The final acts of cruelty came when the two men had their abdomens cut open and their intestines cut from the stomach. The severed end was fastened to the tree and the men were driven around the tree, their intestines being pulled out as they went. Their hearts were ripped from their chests and, and they were finally beheaded. Boyd’s head was placed on a spear and used to lead a dance around the tree. The night of torture finally ended with the approach of Sullivan’s army. Lieutenant Boyd’s partially skinned head was found on a log, Sergeant Parker’s head was never found. The bodies were buried at the junction of two small creeks, about 50 feet from the tree. General Sullivan ordered the complete destruction of Genesee Castle and all of its orchards and crops. When the Indians returned they said there was ‘not even enough to keep a child one day from perishing from hunger.”
This was not the end of Boyd and Parker’s story. In 1807 robbers looted the graves, taking clothing as relics. In 1830 the grave was opened again and four Revolutionary War, U S Army uniform buttons were found, authenticating the site. In July of 1841 Professor Samuel Treat gave a speech saying that it was shameful that there was no monument to honor these soldiers. On August 19, six canal boats filled with five military companies, invited guests and journalists went down the Genesee Valley Canal to Cuylerville to bring the remains back to Rochester’s new Mount Hope Cemetery. Boyd’s men, buried in Groveland were also brought back to be buried in honor on Patriots Hill. Emotions were so high that the descendants of the 1807 grave robbers returned what had been taken. With even more ceremony in Rochester the wooden urn containing Boyd’s and Parker’s remains, and the wooden sarcophagus containing the massacre victims were placed next to a temporary wooden monument in Mount Hope. The very next day the Democrats accused the Whigs of burying bear bones, instead of the remains of Boyd and Parker.
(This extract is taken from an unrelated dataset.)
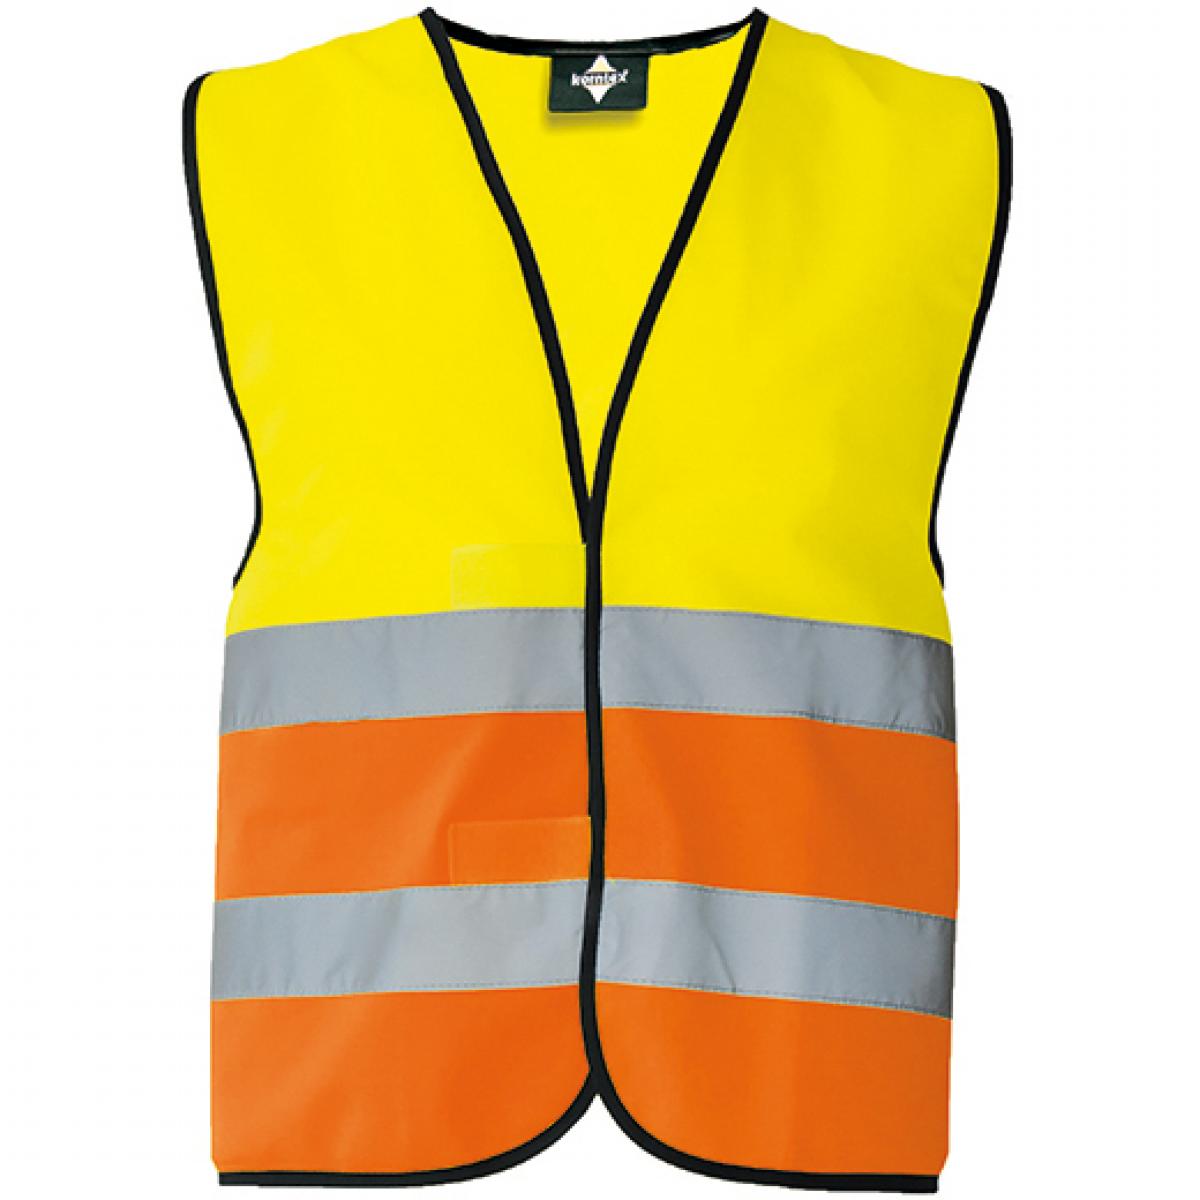 Hersteller: Korntex Herstellernummer: KXVW Artikelbezeichnung: Herren Warnweste EN ISO 20471 Farbe: Signal Yellow/Signal Orange

This controversy raged for years, inspite of the fact that those at the Cuylerville watched as the grave was opened. Meanwhile the wooden urn and sarcophagus sat on the ground, exposed to Rochester’s weather, until a cemetery caretaker saw the bones lying on the ground, and buried then in potter’s field in 1864. Members of the Irondequoit chapter of the Daughter’s of the American Revolution researching the Boyd & Parker story in 1903, found the remains in potter’s field and they were reburied, again. The site marked with a marked with a granite boulder and a bronze plaque.